Another reason to believe deference is a factor: I think it’s both natural and rational for people, particularly people new to an area, to defer to people with more expertise in that area.[1] Yudkowsky is one of the most obvious people to defer to, as one of the two people most responsible for developing and popularising AI risk arguments and as someone who has (likely) spent more time thinking about the subject than anyone else.

Beyond that: A lot of people also clearly in general have huge amount of respect for Yudkowsky, sometimes more than they have for any other public intellectual. I think it’s natural (and sensible) for people’s views to be influenced by the views of the people they respect.

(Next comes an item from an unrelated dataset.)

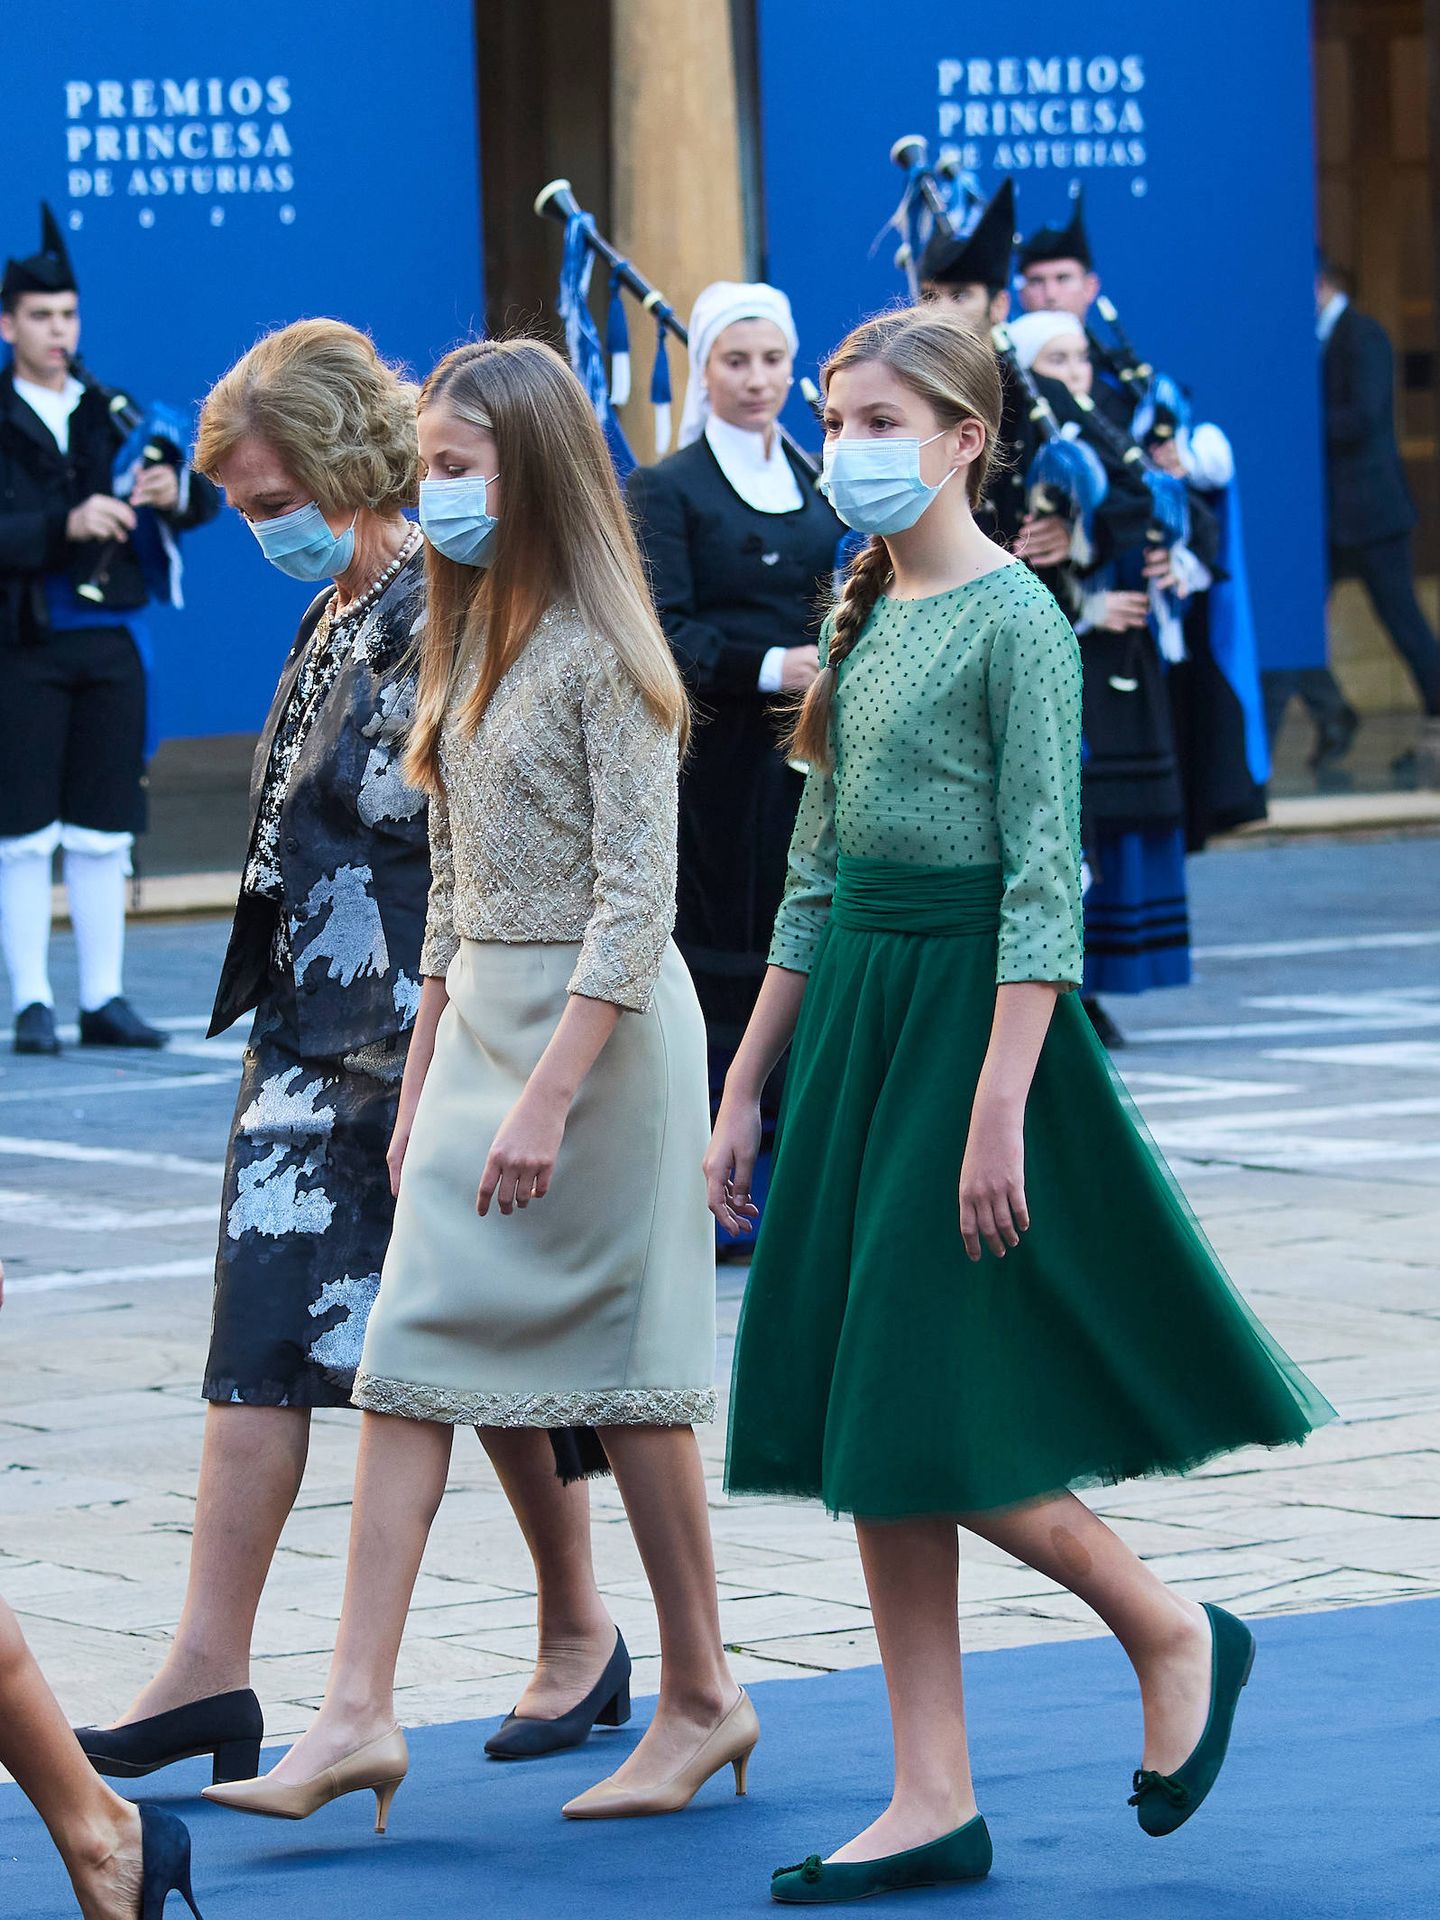 La reina emérita Sofía, la princesa Leonor y la infanta Sofía, en los Premios Princesa de Asturias 2020. (LP)

In general, I think, unless you have tremendous self-control, this will tend to happen sub-consciously even if you don’t consciously choose to defer to the people you respect.

Also, people sometimes just do talk about Yudkowsky’s track record or reputation as a contributing factor to their views.

3. The track records of influential intellectuals (including Yudkowsky) should be publicly discussed.

A person’s track-record provides evidence about how reliable their predictions are. If people are considering how much to defer to some intellectual, then they should want to know what their track record (at least within the relevant domain) looks like.

The main questions that matter are: What has the intellectual gotten wrong and right? Beyond whether they were wrong or right, about a given case, does it also seem like their predictions were justified? If they’ve made certain kinds of mistakes in the past, do we now have reason to think they won’t repeat those kinds of mistakes?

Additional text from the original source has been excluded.